Varying styles should complement each other but they also have the potential to clash. However, it’s the variation in style that is crucial to creating a cognitively rich and diverse workplace which we know makes good business sense – this, together with an understanding of what each person brings to the table is what helps teams and organisations succeed.

Our Organimetric, The GC Index®, describes an individual’s energy for impact, and this energy, in turns, reflects different ways of seeing the world; different ways of thinking about the world.

The GC Index proclivities are:

  • Game Changers, who see possibilities for a transformational future
  • Strategists, who map the future
  • Implementers, who build the future
  • Polishers, who create a future to be proud of and
  • Play Makers, who orchestrate the future.

It’s immediately apparent to see the valuable role each plays when it comes to their contribution to quality debate and decision making.

Game Changers are key to generating creative possibilities that others don’t see. But ideas by themselves ‘don’t win prizes’ in the world of business; they have to be acted upon. Enter the Strategists. They can complement Game Changers by evaluating the strategic relevance of ideas and possibilities and by bringing shape and focus to them that can lead to action. Implementers will then bring energy to delivering the plan with Polishers perfecting outputs and Play Makers facilitating collaboration and teamwork.

The GC Index® framework also highlights the fact that inclusion is not enough! It’s not enough to simply include someone with the hope that their differences will make the difference! People need to be involved in a way that helps them to make the contribution that’s needed. Understanding an individual’s potential contribution, in GC Index terms, provides the basis for that involvement.
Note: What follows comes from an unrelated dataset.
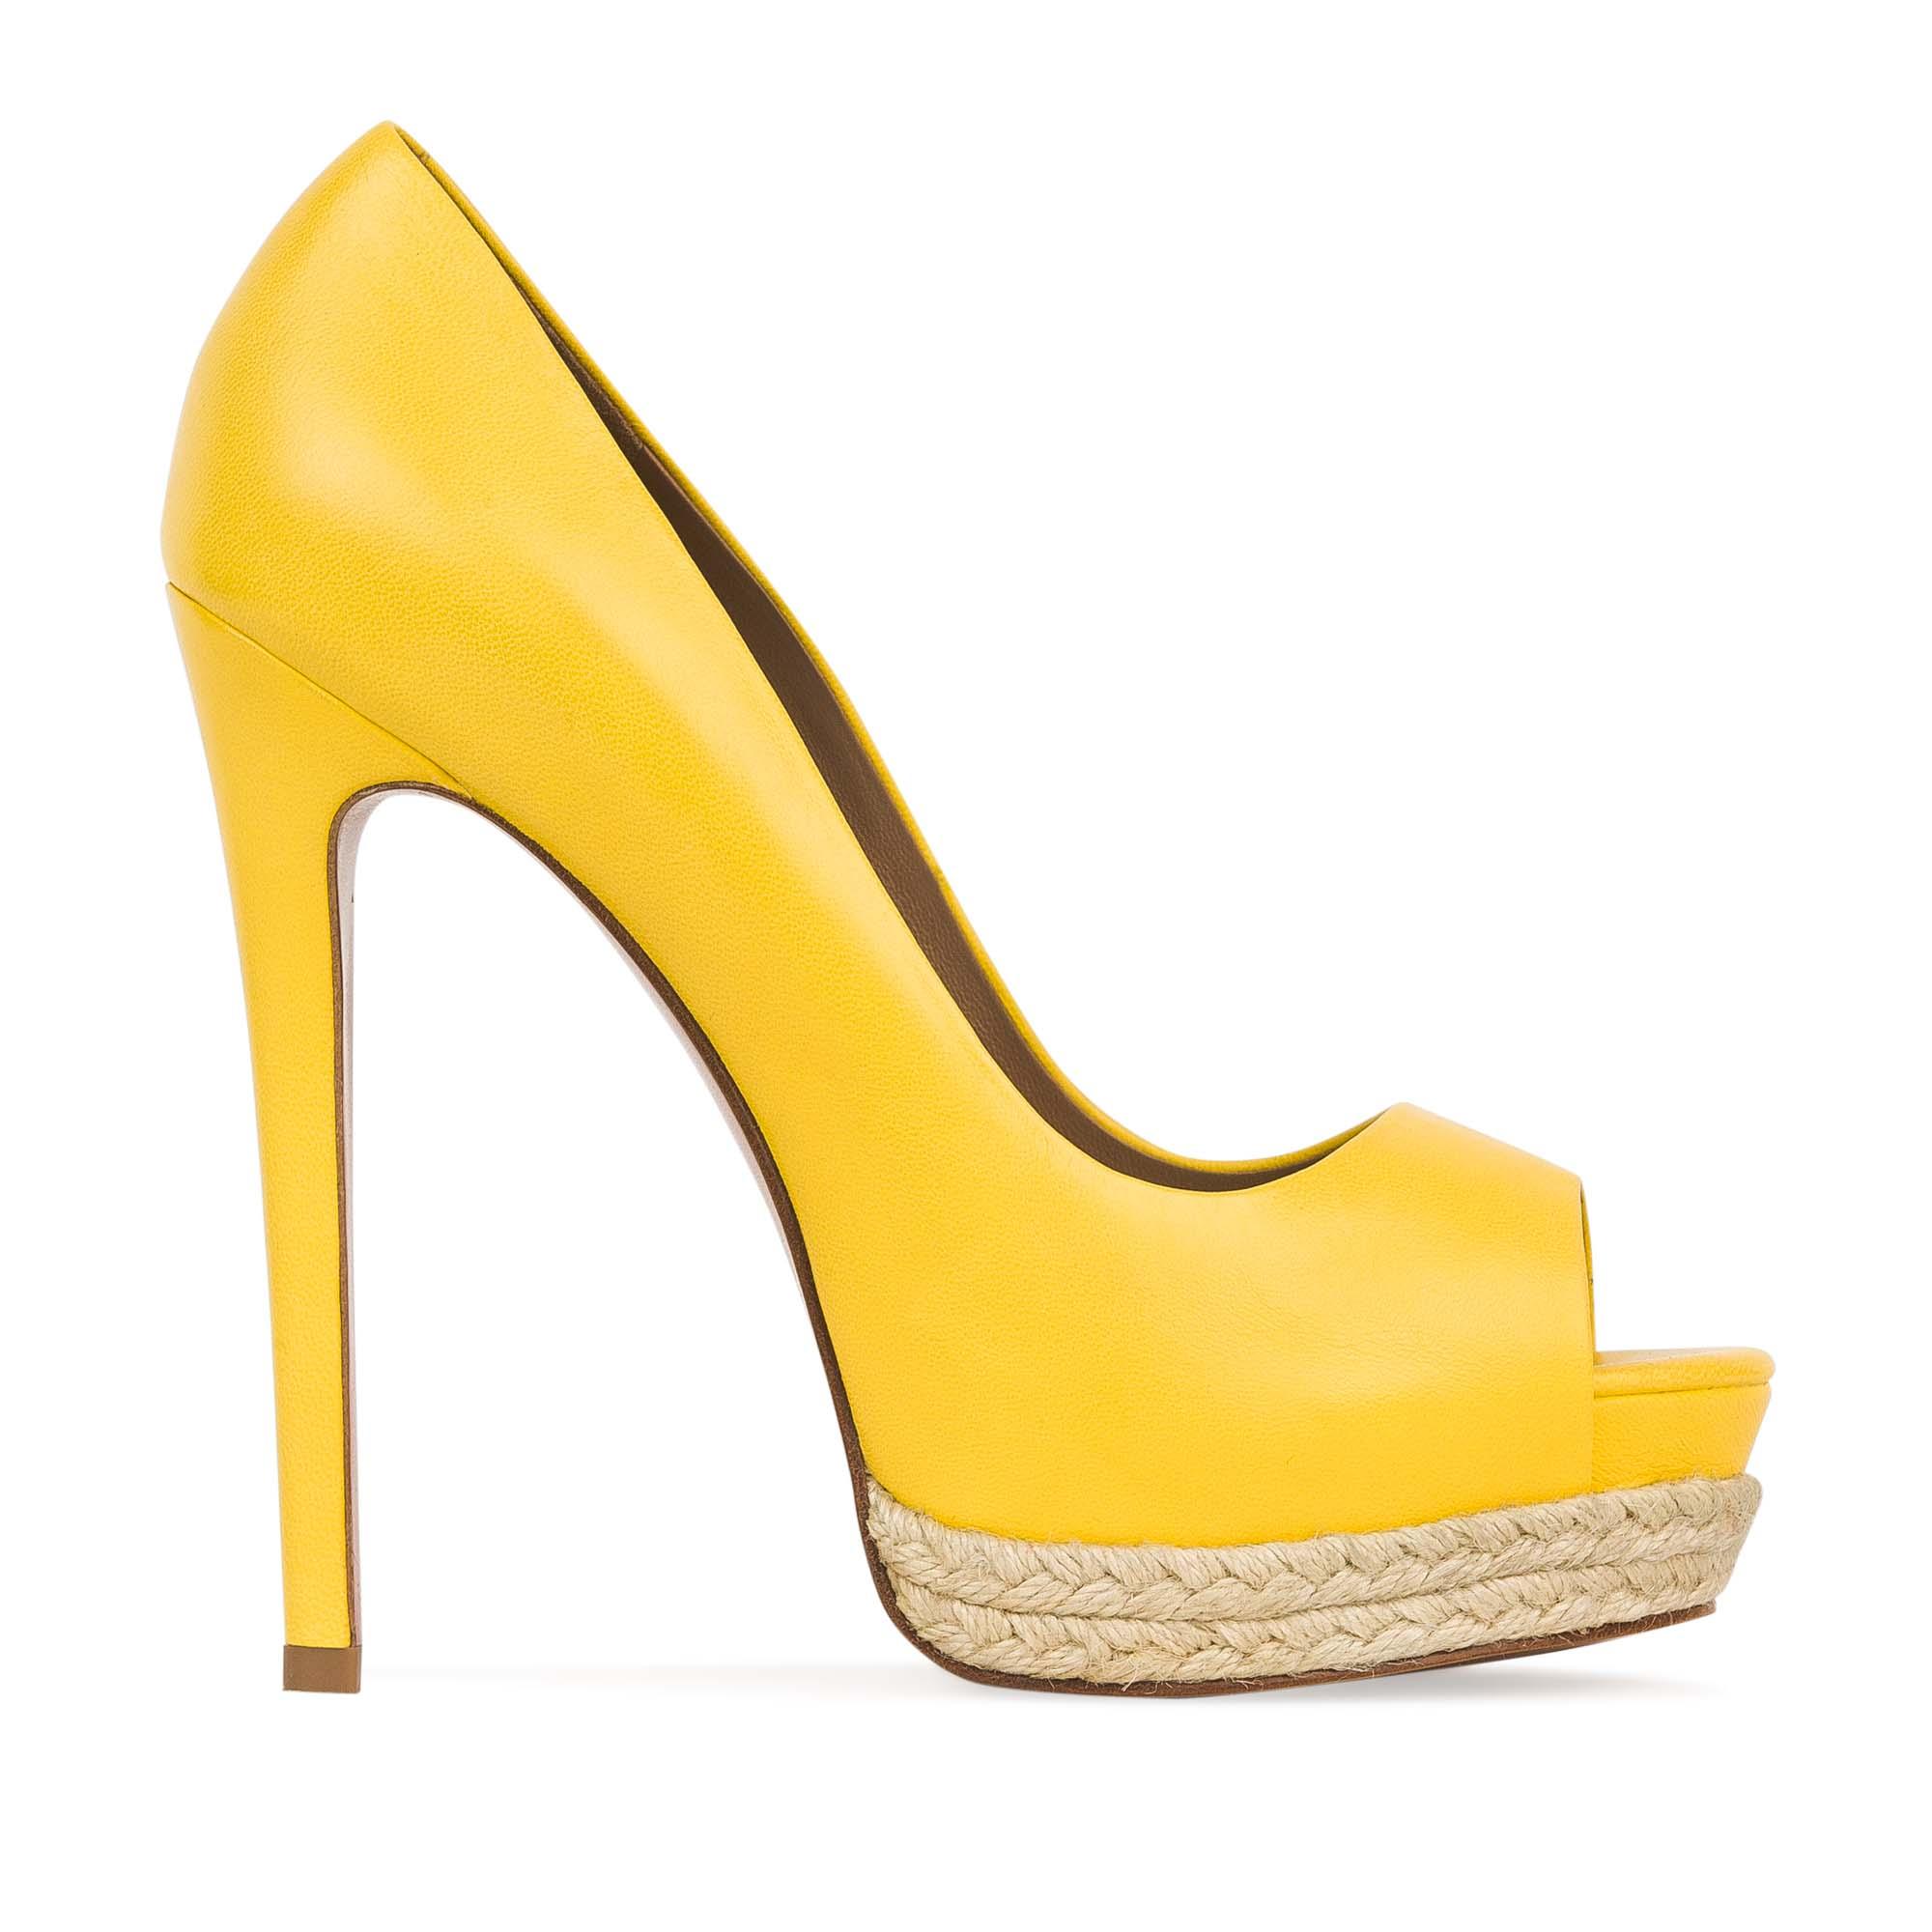 CORSOCOMO Кожаные туфли канареечного цвета на джутовой подошве 17-665-10-58A-75

Creating an environment for contribution
Understanding individual proclivities then, enables organisations to structure teams and tasks effectively to get the best out of employees. It allows everyone to make a positive impact and contribution. Working to their energy for impact, it sets people up for success and gives them the opportunity to ‘shine’.

Understanding people with reference to their proclivities also provides a common language for understanding and resolving conflict; the essence of robust debate and quality decision making.

Polishers, for example, can become frustrated when quality standards aren’t met. Knowing this can help colleagues to understand and be supportive rather than simply dismiss the individual as a critical or ‘picky’ personality.

And, of course, Polishers are exactly those individuals who are suited to those roles that require a focus upon continuous improvement and the ‘pursuit of excellence’.

Driving the inclusion agenda
Research shows, companies that prioritise true equality are often more financially successful and are viewed as more desirable places to work. McKinsey & Company carried out research that shows a correlation between being in the top quartile for diversity and financial outperformance.

But that does mean understanding what true equality means and actually embracing it, rather than just ticking what we consider to be the right boxes. A central area in DEI is cognitive diversity, one that is often overlooked, but it gives employees the freedom to unleash their true working styles.

By helping employees understand their own proclivities, and that of their colleagues, businesses can create a platform where everyone contributes. Understanding preferred working styles also encourages better working relationships and tolerance. It’s important that employees know their opinion and preferences are valued and respected, and that they don’t have to change their behaviour to receive preferential treatment. Companies that achieve this really thrive, as employees are energised and empowered to work to the best of their abilities.